Perhaps foolishly, Isra did not much care over the events of the weekend. Long disinterested in other people’s lives save for when they brushed flush against her own, a lack of privacy meant nothing to her. Neither did a security breach. Isra herself was too secure, emotionally, a gift or a curse from being the daughter of her father. Who could touch her? A death like hers was on par with some grand political assassination, not company subterfuge.

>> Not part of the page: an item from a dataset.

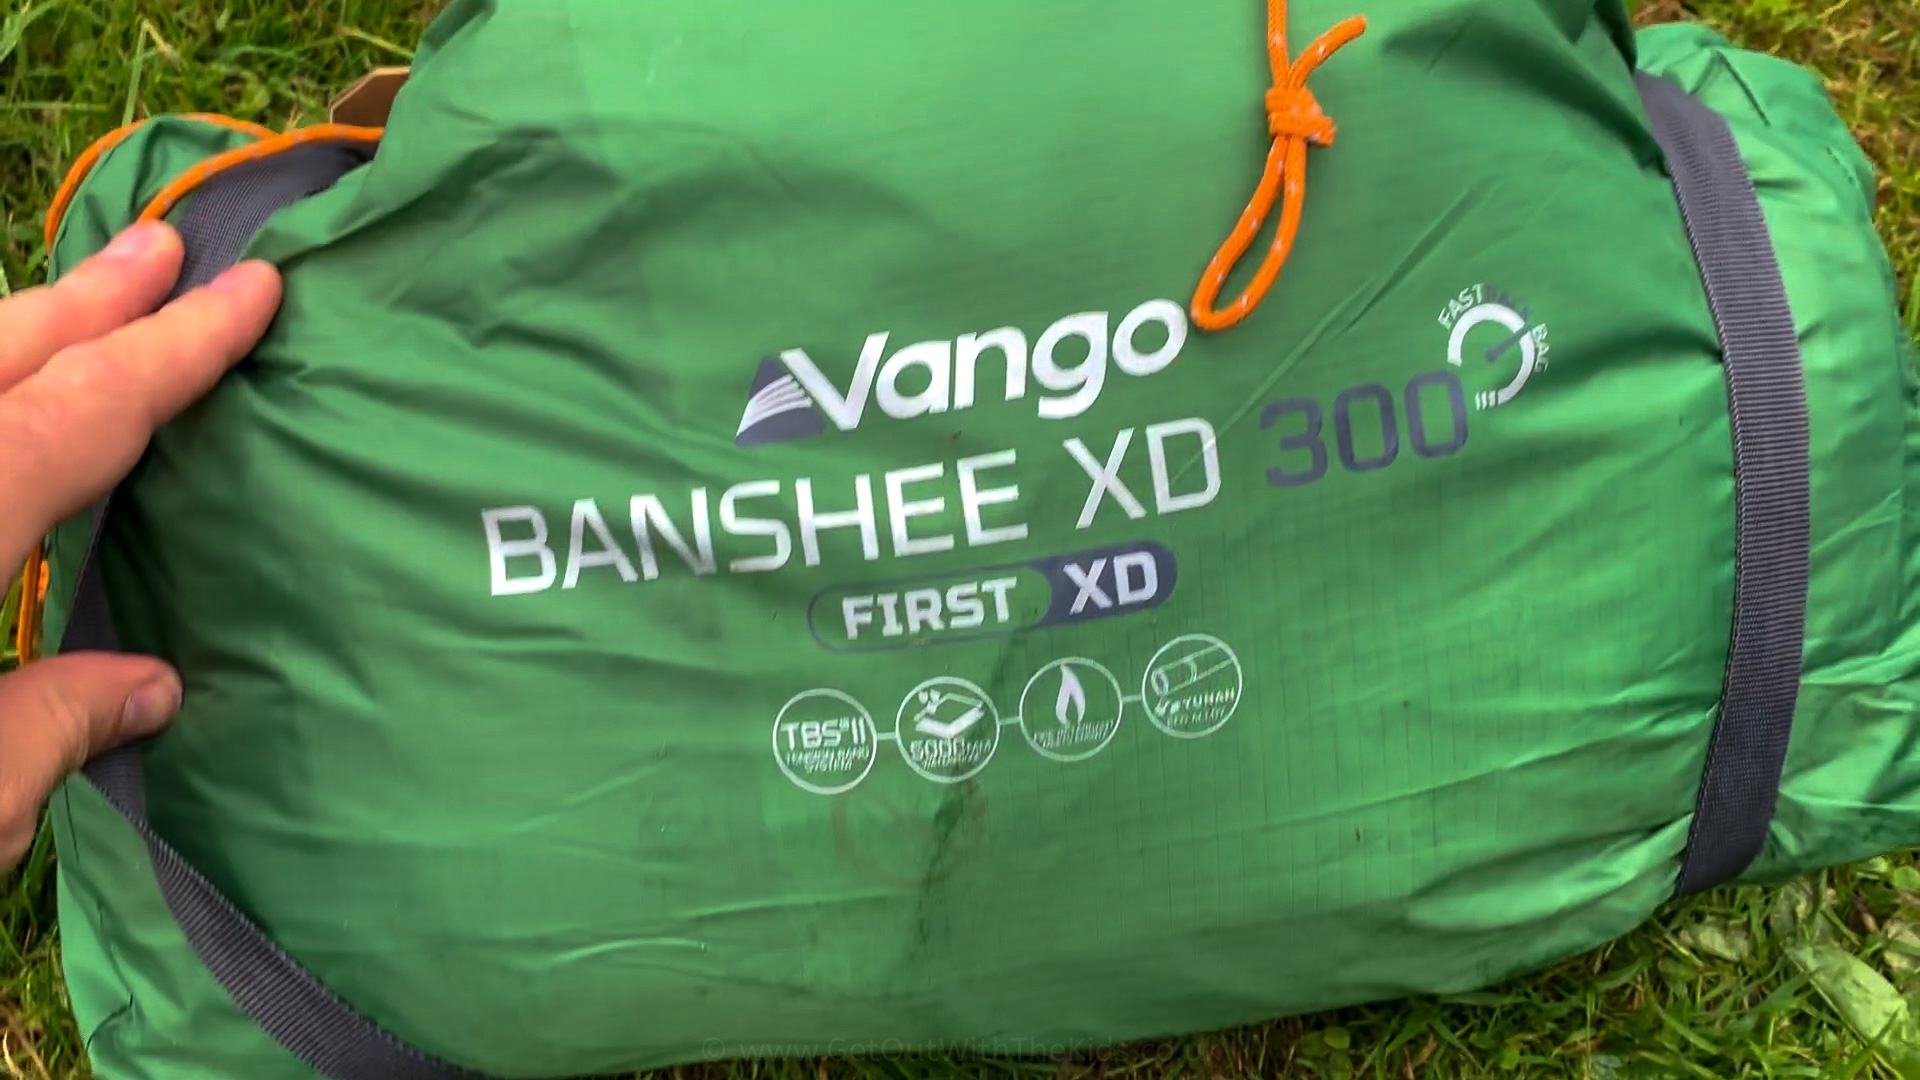 Vango Banshee XD tent in its bag

If she was needed to combat something, well, Isra would rise to the occasion, but no one had asked her to do anything and thus she had spent her weekend in idle laziness, racking up her long distance phone bill talking to her sisters-in-law.
Still, she had stayed up rather late on Monday night, through entire fault of her own. Some club – she didn’t even remember its name now, just remembered the line she had walked past before going straight in. And then, of course, the gin slings, which required a partner in order to drink. That had been fun.
Bored, she took all the pins out of her hair and slowly, lazily wound her ponytail back up, re-pinning it into a messy chignon on her head. Today, she felt, was going to be a damn slow day.